Des chercheurs américains ont remarqué qu’un patient privé du gène apolipoprotein E, ou APOE, ne présentait aucun trouble cognitif, ni aucun désordre neurologique lié à la maladie d’Alzheimer. Une piste de recherche s’ouvre.

Une étude menée sur un seul et unique patient doté d’une particularité génétique peu fréquente ouvre une piste de recherche nouvelle contre la maladie d’Alzheimer. L’article publié dans le journal JAMA Neurology montre que l’absence de gène APOE dans le cerveau de ce patient n’entrainait aucun trouble cognitif particulier.
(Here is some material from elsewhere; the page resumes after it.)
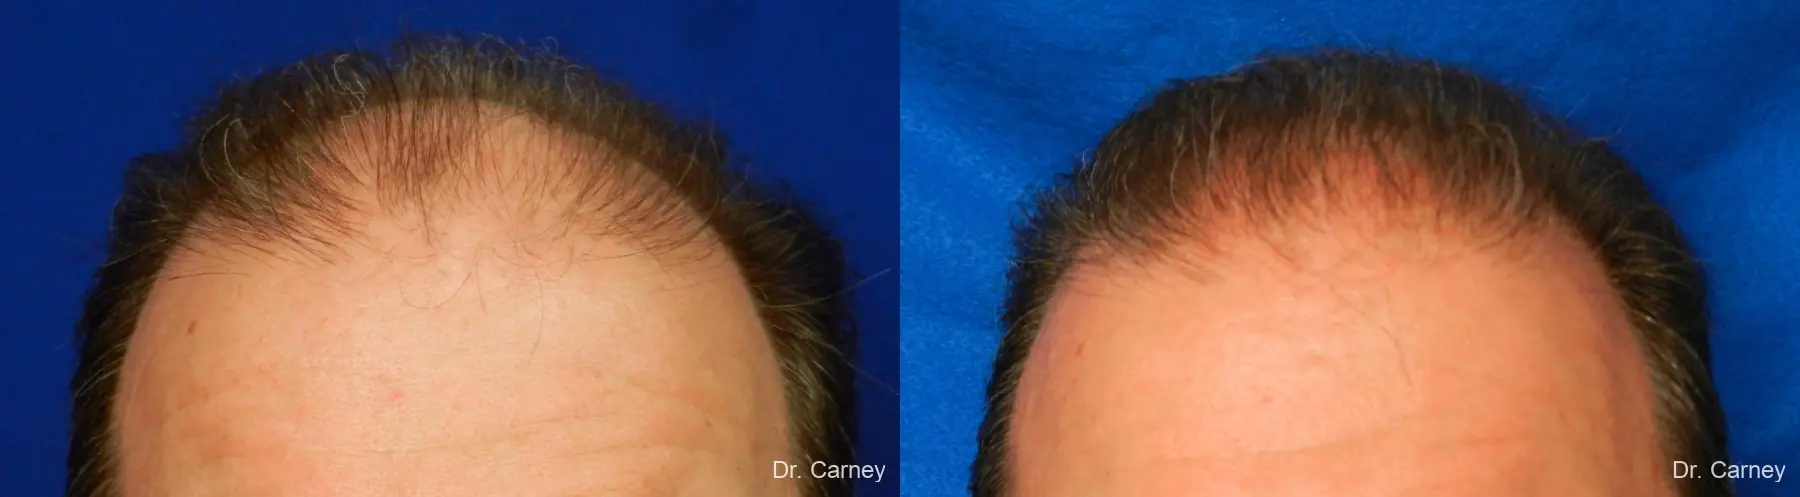 Hair Transplantation: Patient 16 - Before and After 1

Du coup, les chercheurs se posent aujourd’hui la question de l’utilité de ce gène dans le fonctionnement cérébral, alors qu’il a été établi que les patients qui ont une mutation du gene de type APOE4 ont un risque plus élevé de développer la maladie d’Alzheimer.

S’il est acquis que le gène APOE est sans réelle utilité, chercher à réduire les taux d’APOE4 dans le cerveau ouvre une piste nouvelle de guérison, avec un risque réduit d’effets secondaires négatifs” indique Mary Malloy, professeur de médecine à l’Université de Californie à San Francisco et co-auteur de l’étude.

Il existe trois type d’APOE, qui aident au transport du choslestérol dans le corps. Un individu sur cinq est porteur du gene APOE4, qui est lié à la maladie d’Alzheimer indique le Dr Bruce Miller, professeur de neurologie à l’Université de Californie.

Mieux vaut ne pas avoir d’APOE qu’être porteur de l’APOE4,” indique le Dr Miller. Réduire la fonction de l’APOE dans le cerveau représente donc aujourd’hui une piste nouvelle pour réduire le risque de développer la maladie d’Alzheimer.
L’étude publiée dans le JAMA portait sur un patient âgé de 40 ans victime d’une hypercholestérolémie, qui ne pouvait être jugulée par aucun traitement. Les médecins ont remarqué que ce patient était dénué d’APOE, un cas très rare, et que ses fonctions cognitives n’en étaient nullement affectées. 

Des expérimentations vont donc être menées pour vérifier que la lutte contre le gène APOE peut être positive sans effets secondaires négatifs.